Print the records below exactly, and do not carry over any picture.

Items from a dataset:

__________________________________________________

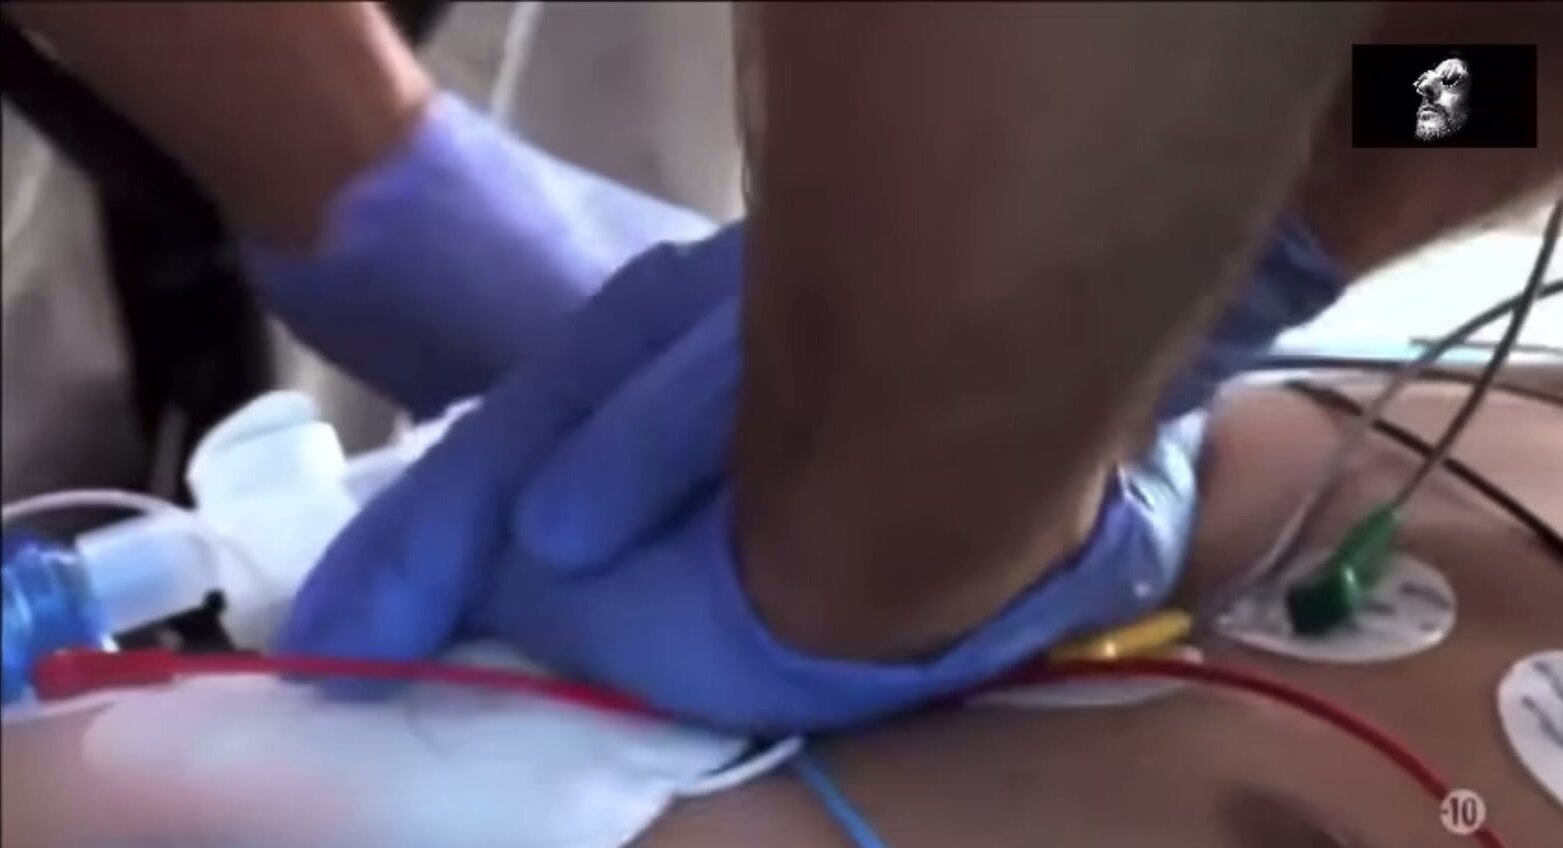 Resuscitation on man in cardiac arrest
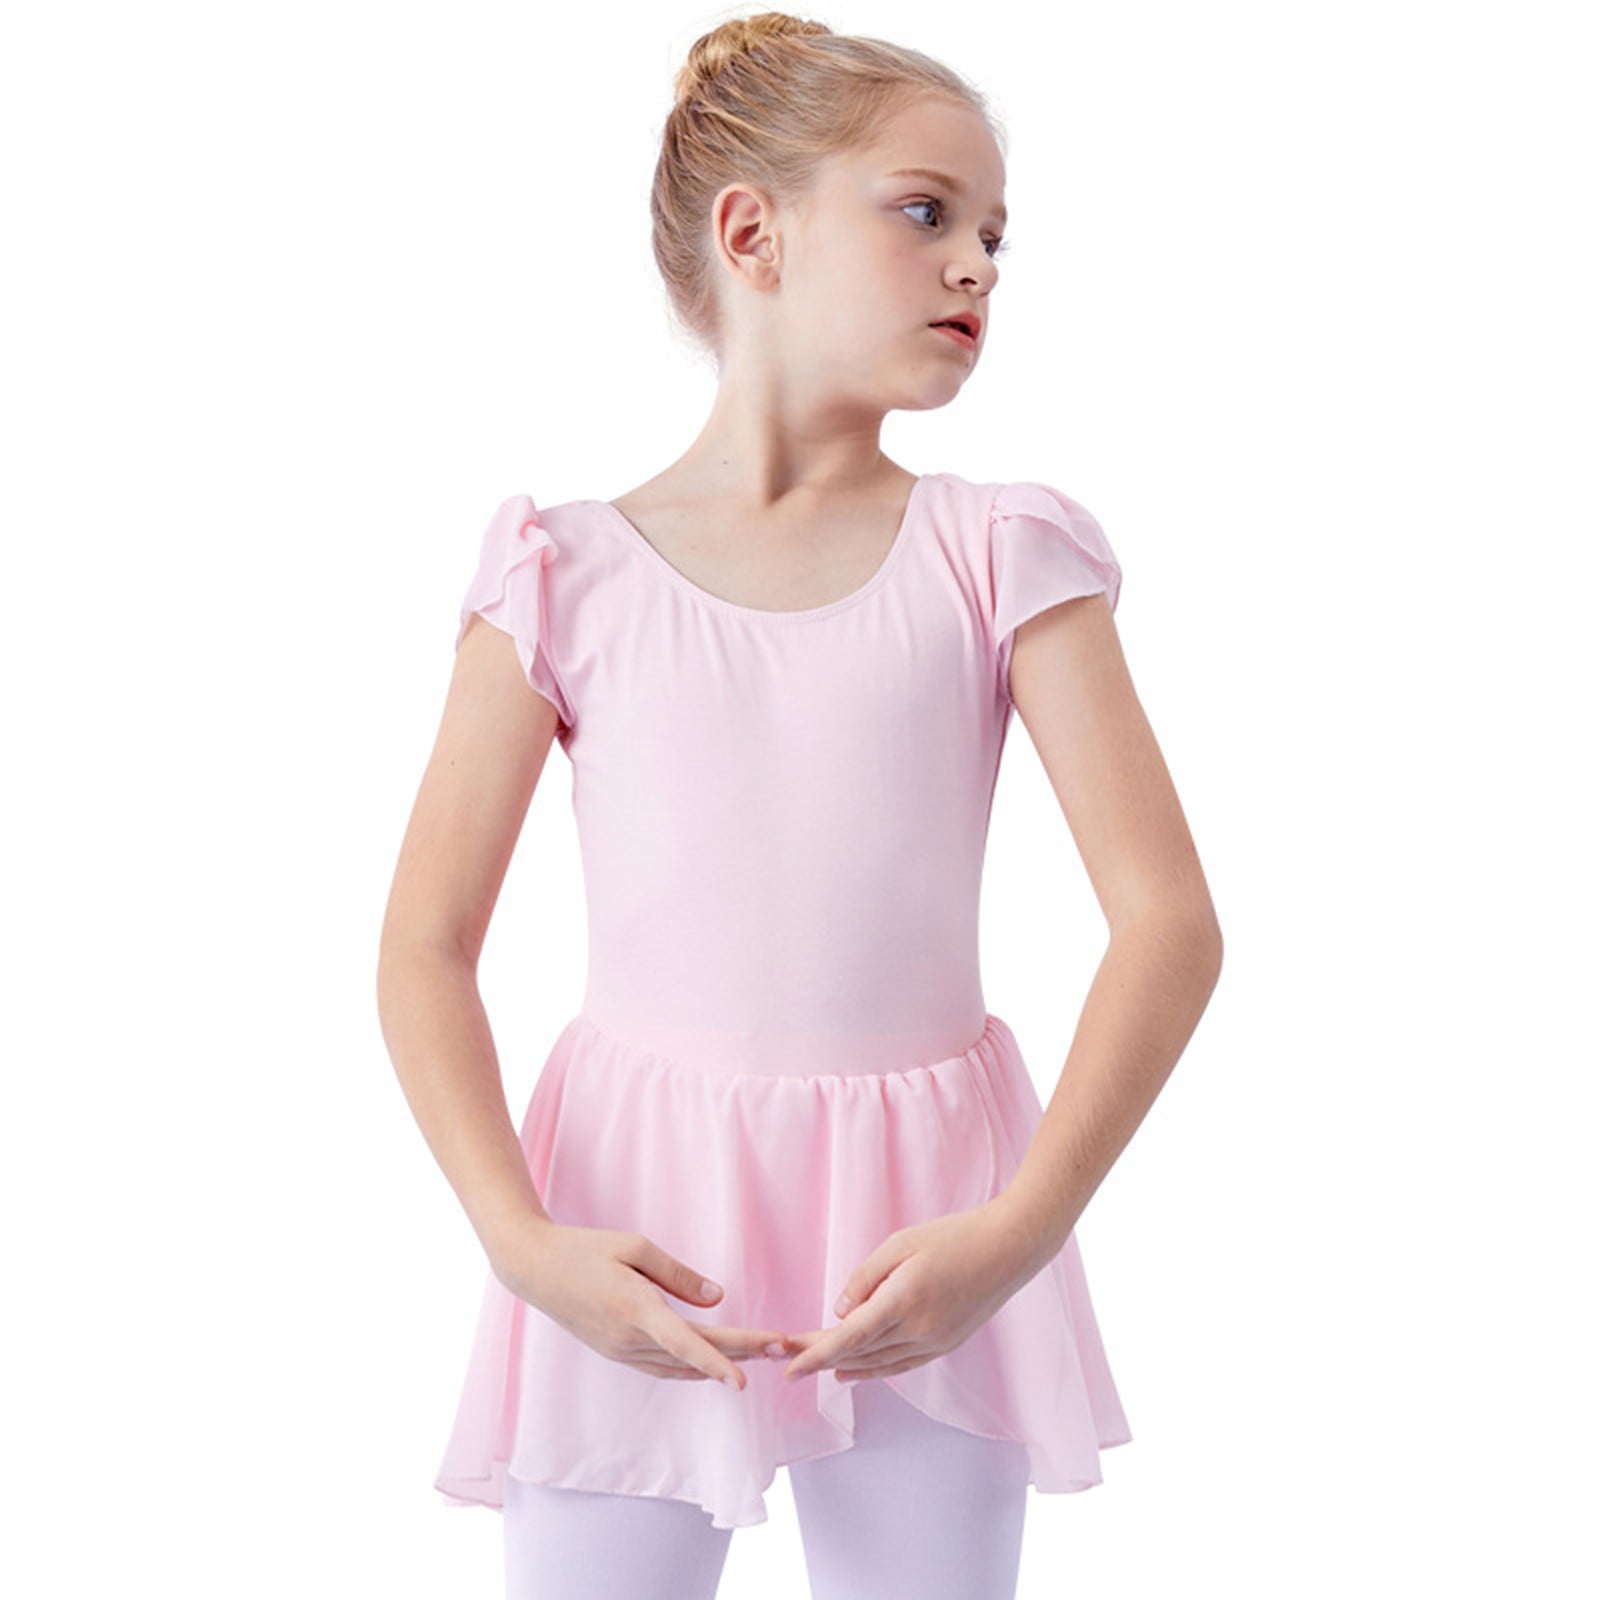 EHQJNJ Little Girls Dress up Clothes Toddler Ballet Leotard for Girls ...
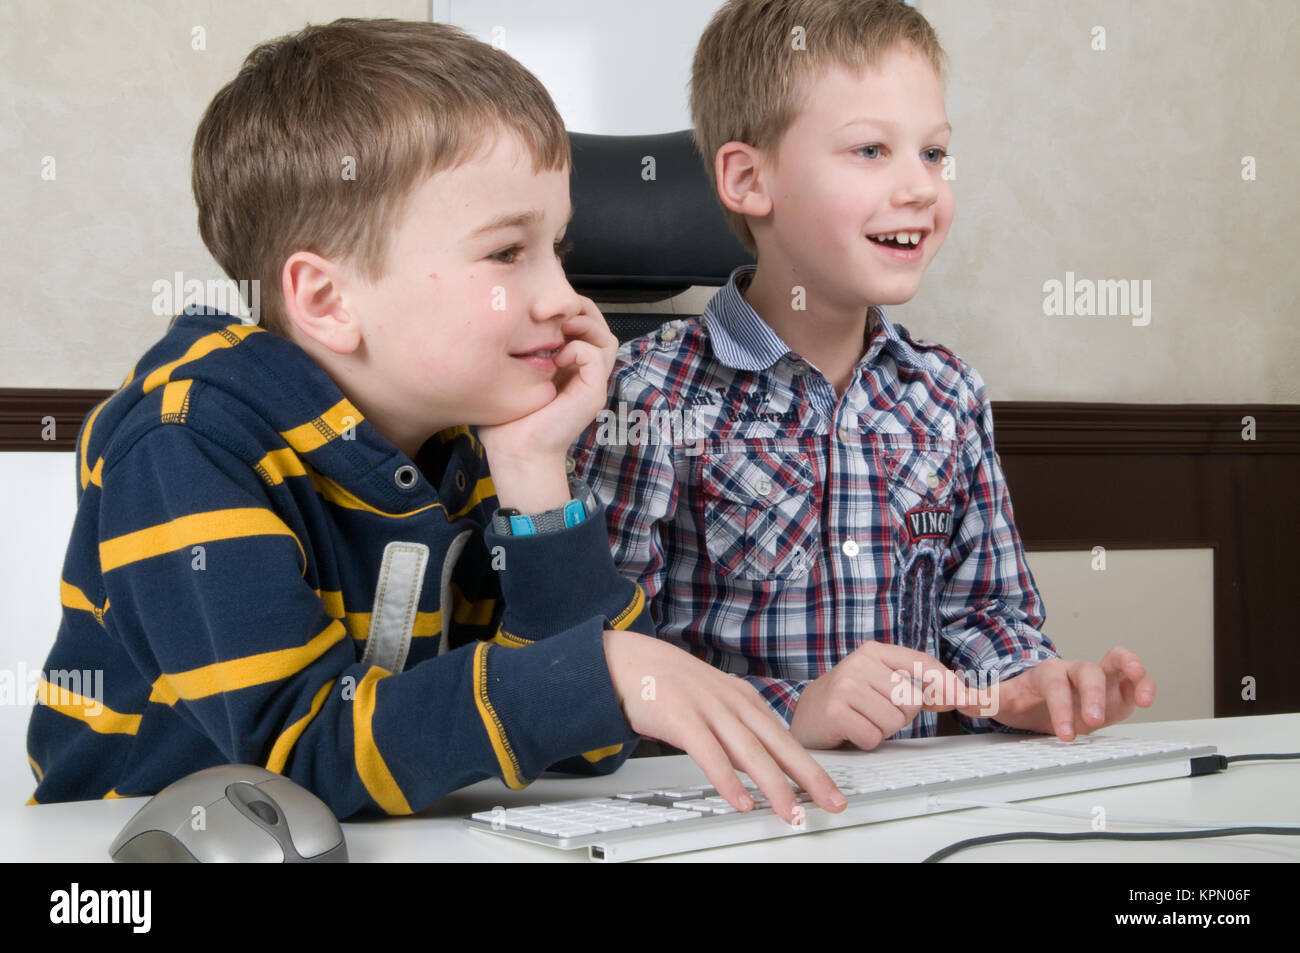 Boys on a computer Stock Photo
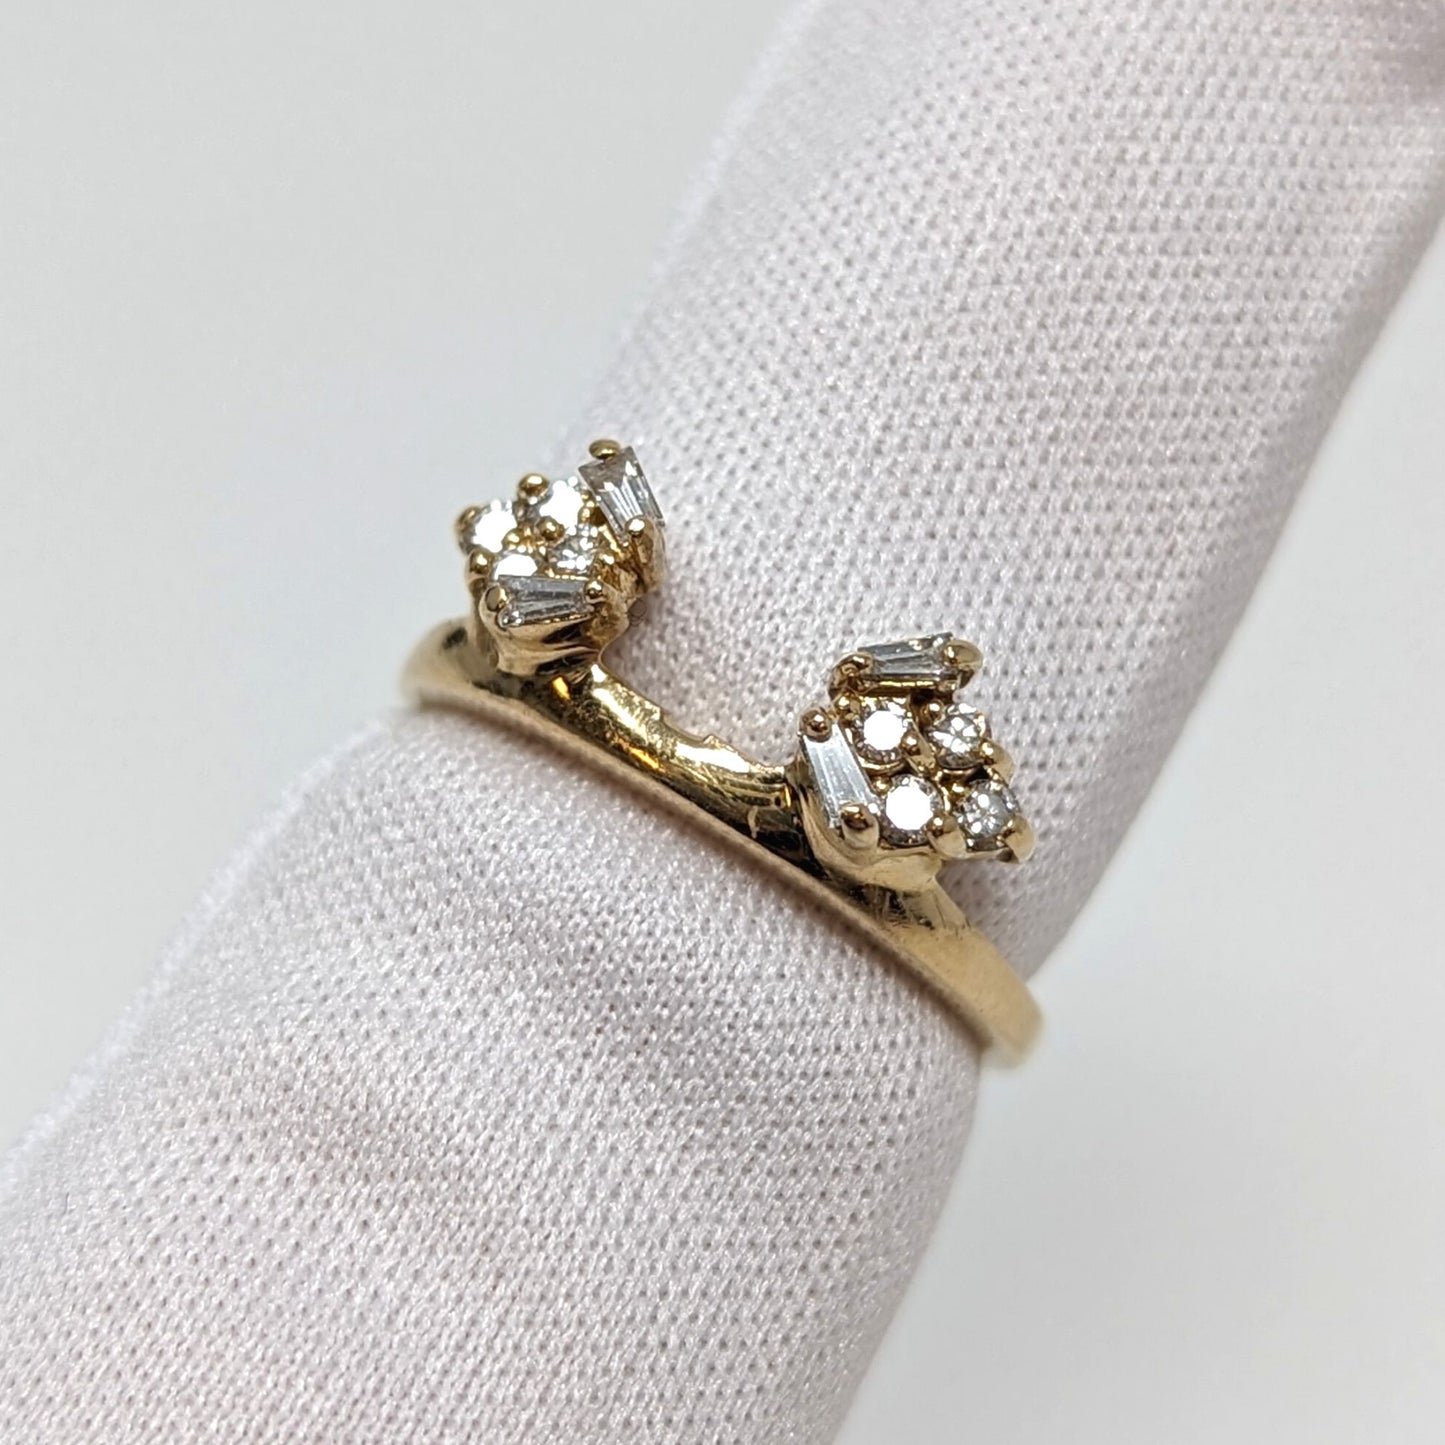 14K Gold .33TCW Diamond Wedding Wrap Ring - Size 5.75
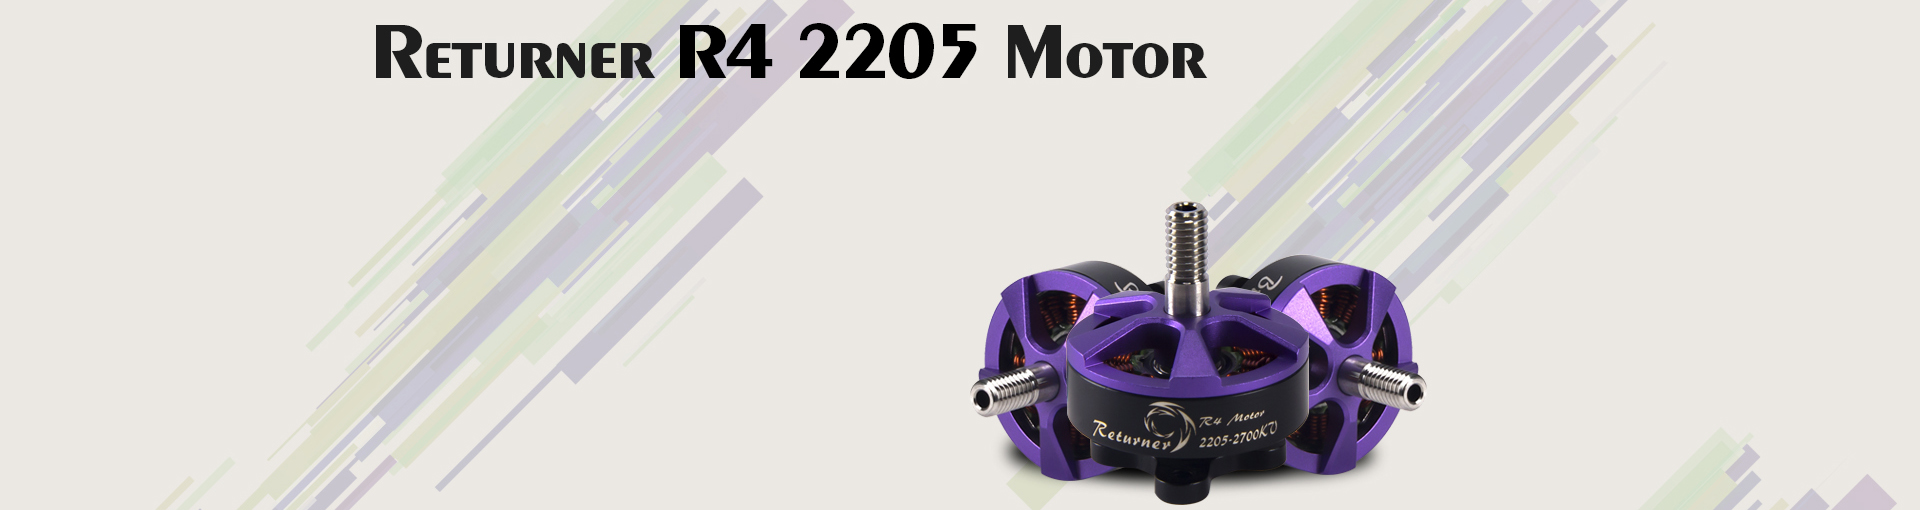 Returner R4 2205 Motor

__________________________________________________

#### [WRITTEN SOLUTION]
 Resuscitation on man in cardiac arrest
 EHQJNJ Little Girls Dress up Clothes Toddler Ballet Leotard for Girls ...
 Boys on a computer Stock Photo
 14K Gold .33TCW Diamond Wedding Wrap Ring - Size 5.75
 Returner R4 2205 Motor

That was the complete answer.